A huge mahogany table is set in the middle of the room on which glasses and china gleam. Four floral arrangements set along the table give off a pretty scent that clashes with the aftershaves and perfumes of the guests.

There are a group of people milling around in front of the stone fireplace, glasses in hand, and the low hum of slightly forced chatter reaches me.

Zeb points out the prospective bride, Frances, who appears to be having a hissed conversation with an older lady who must be her mother.

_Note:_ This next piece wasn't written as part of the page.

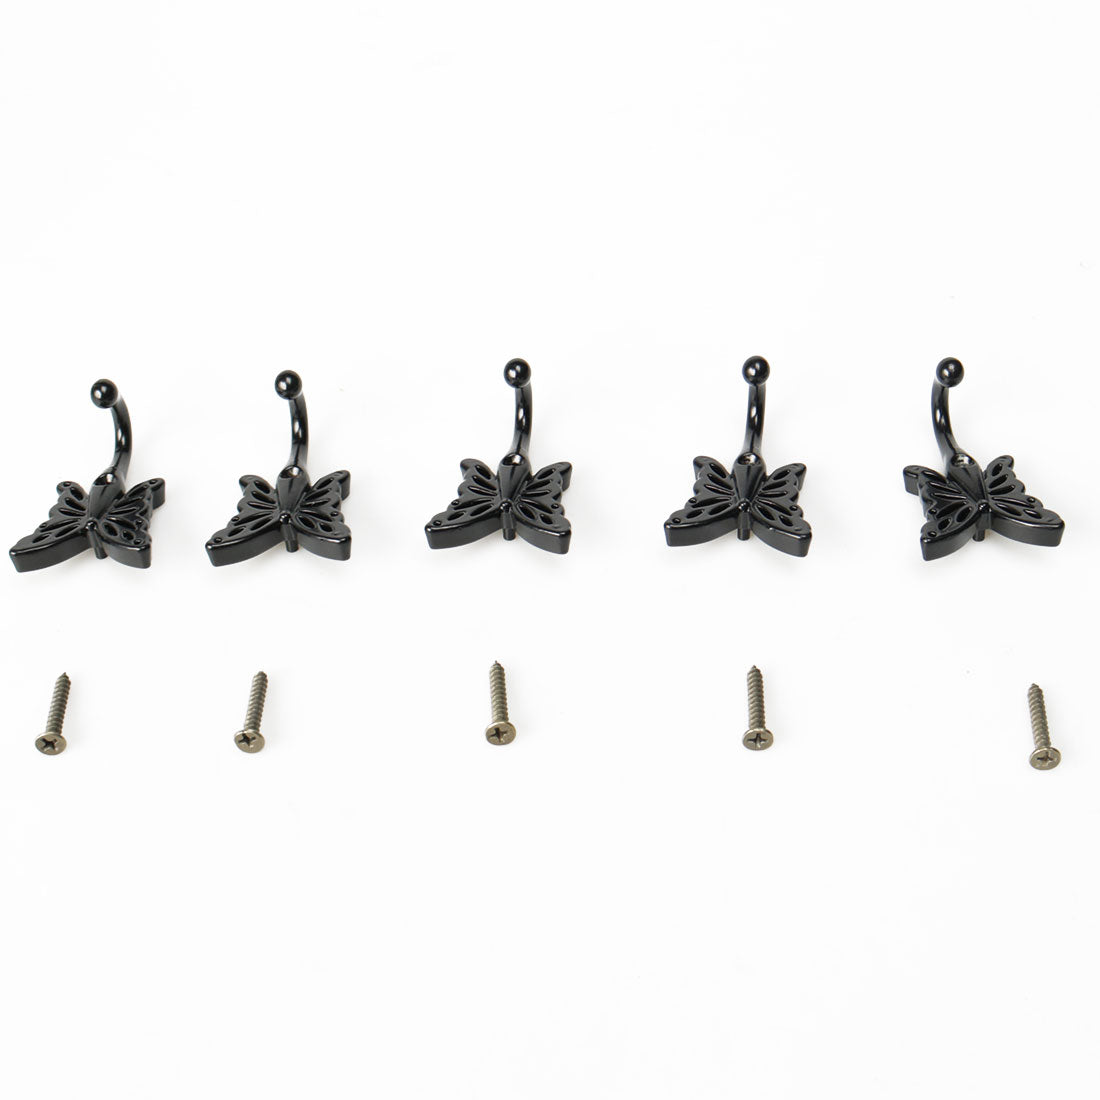 uxcell Uxcell 5pcs Robe Hooks Wall Mounted Zinc Alloy Coat Scarf DIY Hanger with Screws Black

Frances is beautiful, with jet-black hair and a heart-shaped face.

I can’t see the blushing groom yet, but a man walks towards us who is the spitting image of Frances, so I presume this is her dad.

He’s wearing a very expensive-looking suit and his cheeks are florid.

He looks like he enjoys a drink, or twenty.

“Zeb,” he says expansively, offering his hand to shake as soon as he gets near. “Good to see you.”

I hope his career as a financial tycoon is secure because it’s a safe bet that the stage will never be an option for him.

My boss smiles calmly. “Lovely to see you too, Charles. How is Oona?”

“Oh, fine, fine. Sequestered in a corner gabbing away with Frances about wedding stuff. You know how women are.”

“Not really,” my boss says serenely. “Not my area of expertise, I’m afraid.”

I repress a snort of laughter at Charles’s nonplussed face, but Zeb must feel my vibration because he turns to me.

“Charles, this is Jesse. He’s my …” He pauses.

It’s hardly noticeable, but to punish him I step into his body and wind one arm around his waist. His body is hot beneath my hand and for a second I almost forget why I’m doing this.

Then I smile happily at the red-faced banker who is stoically trying to ignore all the gayness flying around the room. Hope it doesn’t hit him.

“I’m Jesse, his boyfriend,” I say, pinching Zeb, who’s gone immobile and stiff beneath my hand.

He instantly relaxes and slides his arm round my waist. And now I start to lose sight of the game because his arm feels so warm and just somehow right.

I mentally shake my head at myself. Get a grip, you twat.

Charles’s eyes narrow. “Is this a recent thing?”

Zeb pastes on a slightly confused expression. “Jesse?” he asks. When Charles nods his head, Zeb smiles and looks at me. “Not really. We’ve been going out for about …”

“Seven months,” I say, smiling limpidly at him. “The best seven months of my life,” I continue in a dreamy voice and jerk slightly when Zeb pinches me.

Charles looks slightly revolted. I can’t blame him this time.

I’m not a fan of soppiness myself. “Well, how … er, lovely,” he says heartily.

“Came as a surprise,” he adds in a confiding tone.

“Patrick said you were coming alone. Oona was a bit …” He hesitates and waves his hand about. “Well, you know.”

“Drunk?” I say helpfully and Zeb clears his throat loudly over me.

“I think they’re about to serve dinner,” he says slightly desperately.

Even Charles looks relieved, and with a final, almost desperate smile, he beetles off towards Frances and the stick-thin older lady whose pinched expression seems to indicate that she might be married to him.

Zeb clears his throat, and I turn with slight trepidation. He looks at me and sighs wearily. “Do you think you could possibly behave?” he finally says.

I bite my lip. “I don’t think it would be entirely honest of me to promise that,” I say slowly.

“Especially if people keep treating you like you’re some sort of desperate stalker.

It’s not fair.” I frown. “You’re doing bloody Patrick a favour.

They should be thanking you, not treating you like an unexploded bomb from the war that might go off in suburbia and wreck someone’s lavender bush. ”

He blinks. “Where the hell did that come from?” He pauses. “And why am I the unexploded relic from the war?”

I smile at him sympathetically. “You have a lot of pent-up aggression,” I inform him.